Note: Thanks for the great response! We also discuss some counterpoints to the arguments here, where we discuss the specifics of car ownership, parking and all that.
[1] I like Uber more because it’s cashless through PayTM or a Credit Card (launched recently). Ola’s cashless system of Ola Money is a waste of time because you can’t use it elsewhere. And drivers hate it to the point many will cancel your trip if you say you’re using it. Plus PayTM offers cash backs on purchases that you can use for Uber.
For the Passenger: The Rs. 7 Per Kilometer is actually Rs. 13.5 per Kilometer
Uber advertises its lowest fare in Bangalore at Rs. 7 per km charge but that is utter bull. For an average 10 km ride in the city, it costs much more:
- a Rs. 35 base charge that has no free usage, which would be Rs. 3.5 per km.
- Rs. 7 per kilometer run
- Rs. 1 per minute as a driver fee. For an average of 3 minutes per kilometer this comes to Rs. 3 per km.

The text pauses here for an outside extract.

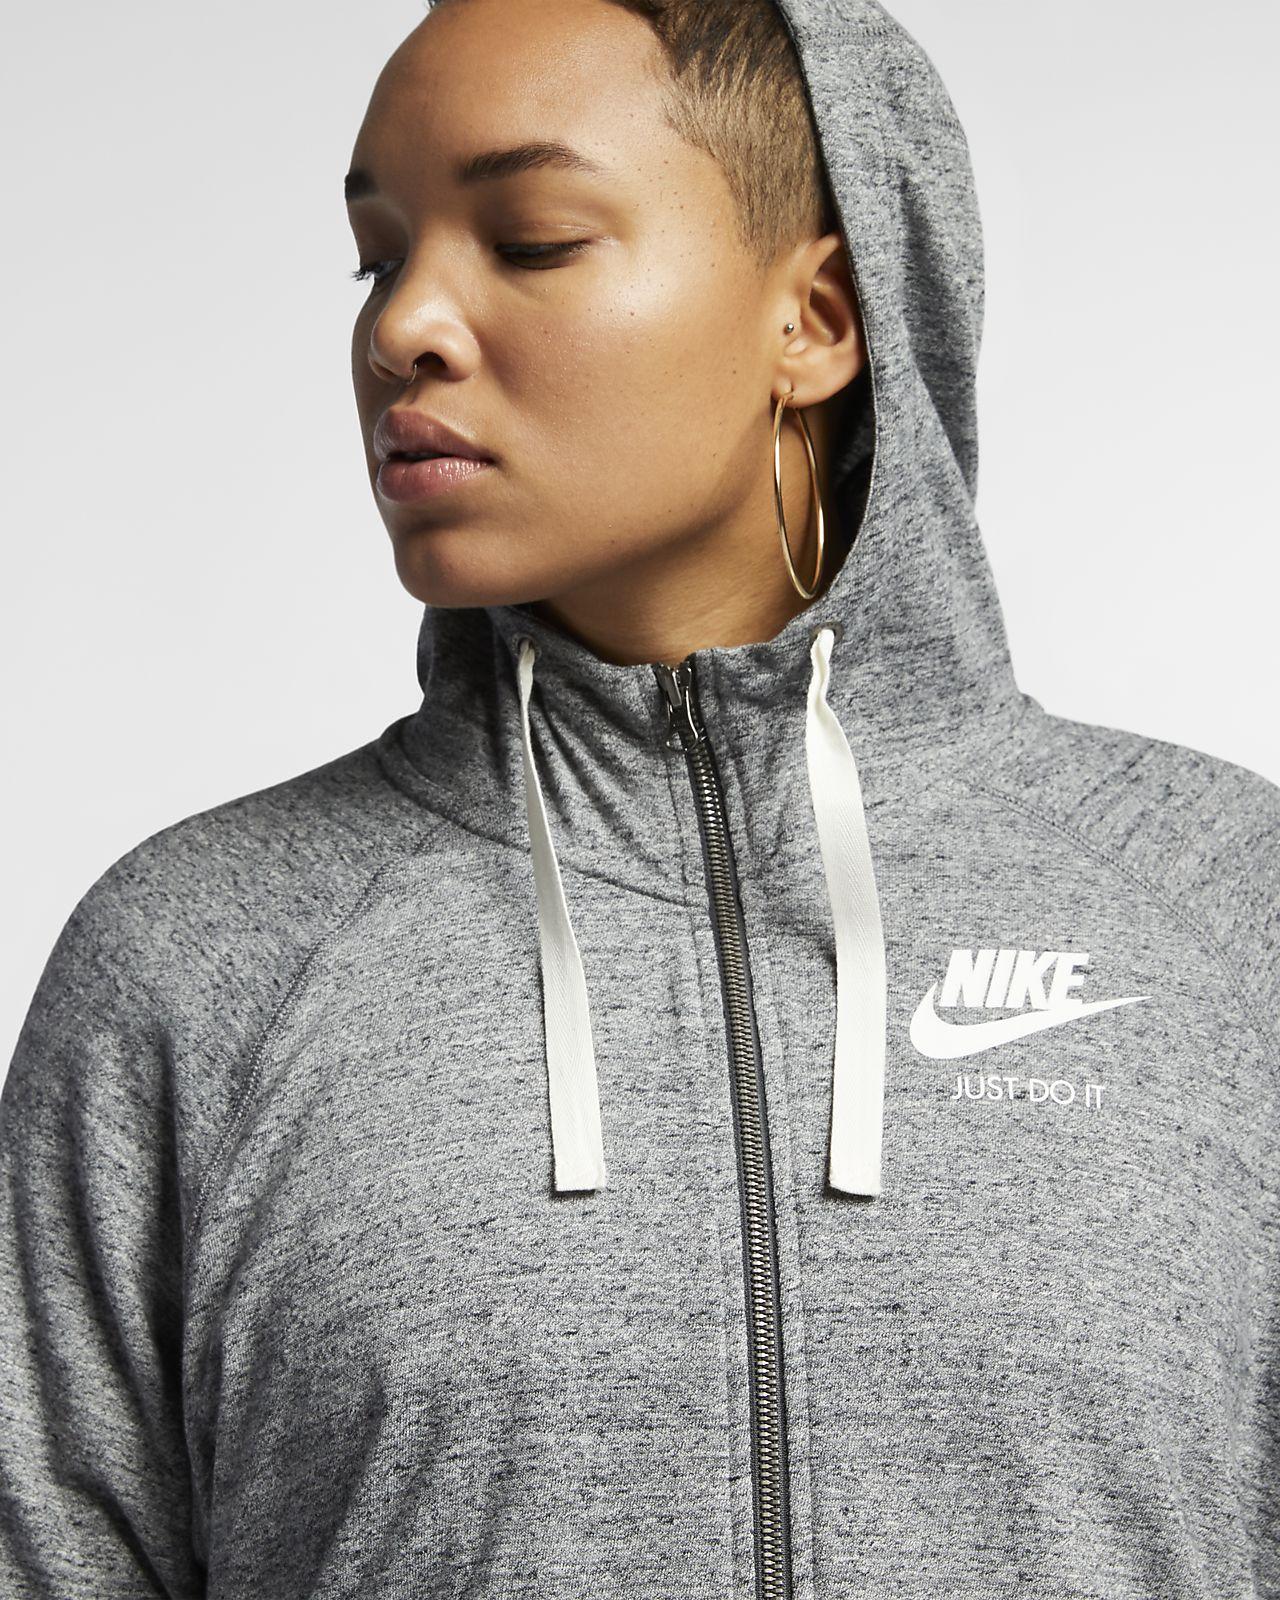 Achat à bas prix Nike Sweat shirt de sport style vintage

These add up to Rs. 13.5 per kilometer. That’s how much you pay for an auto as well.
Related Links:
Ola & Uber Raised More Money in 2014 That all the IPOs in India! We Tell You how These Companies Work
Here’s Why RBI Did Not Allow Uber to Use Single-Factor Authentication to Bill You
Like Uber/Ola, Housing.com Also Raised an Insane Amount of Funds. Whatever Happened to Them in May 2015?!
The economics: Should You Ditch Your Car?

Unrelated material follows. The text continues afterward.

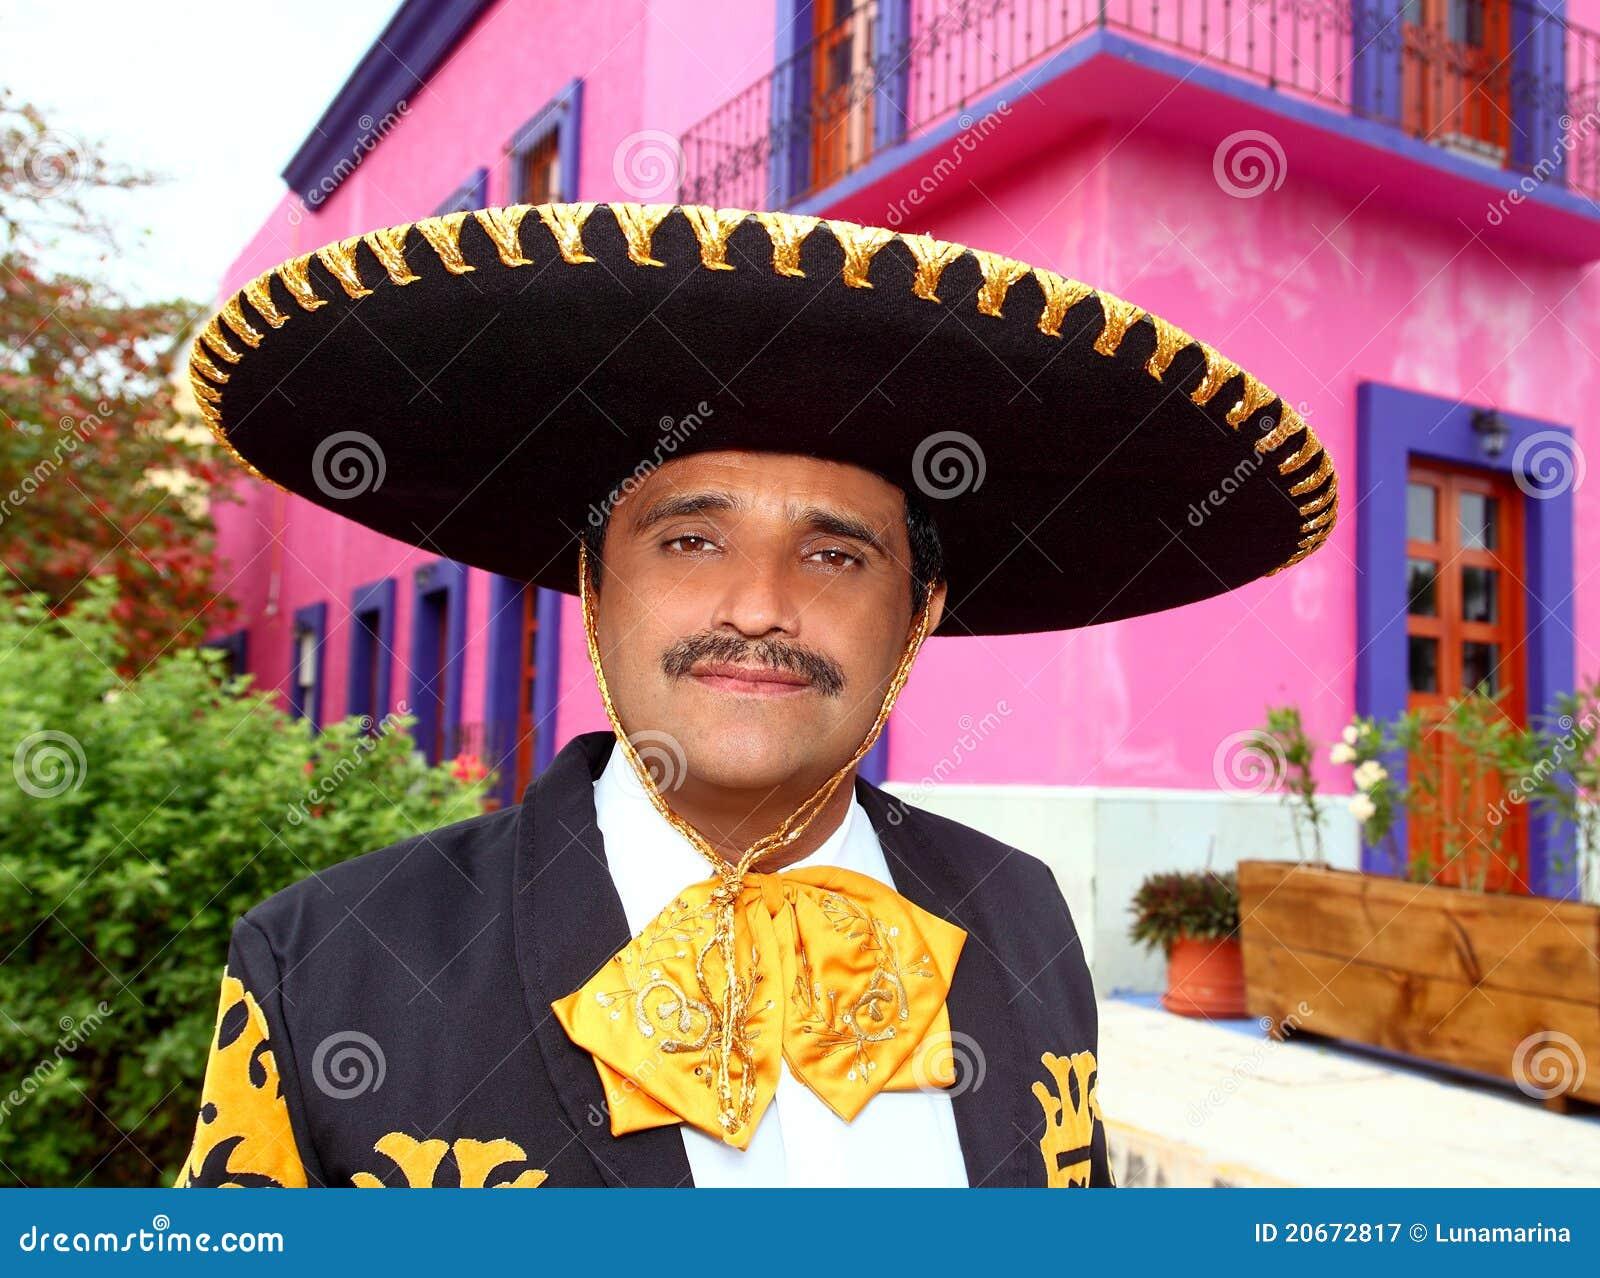 Charro mexikanisches Mariachiportrait im rosafarbenen Haus

At Rs. 13.5 per kilometer, your car would have to give you a fuel efficiency of 6 per liter for the economics to make any sense. I see comparisons of – oh you pay X for the fuel, Y for the driver cost, Z for the parking…this is utter bullshit. Owning a car means I will drive it; I don’t need a driver (if you do, your economics are different from mine, and I believe people like me are FAR more prevalent). Plus I’ve already paid for the parking – it comes with my house!
The annual costs of a car are tiny nowadays (Rs. 1 per kilometer, assuming Rs. 12,000 service costs for Rs. 12,000 driven). So if my car gives me 12 kms to a liter of petrol, i’m still paying just Rs. 5.5 per km for petrol and Rs. 1 for parking.
Add to this the convenience of owning a car, the ability to get groceries from hypermarkets that can’t or won’t deliver, the ability to drive your kids to a location just 2 minutes away because walking will kill you (welcome to Bangalore, just don’t walk anywhere). And the underappreciated advantage of being able to just up and leave at 6 am to smell the fresh air in the western ghats.
And then, Uber cars are not available when you want them – wait times are upwards of 10 minutes most of the time, unless you’re in a favoured location. Then, there are spikes – if it rains, Uber goes to 1.5x “surge” pricing. All this will not vanish because drivers too have their economics which ensures such practices (long wait times, surge pricing) will continue.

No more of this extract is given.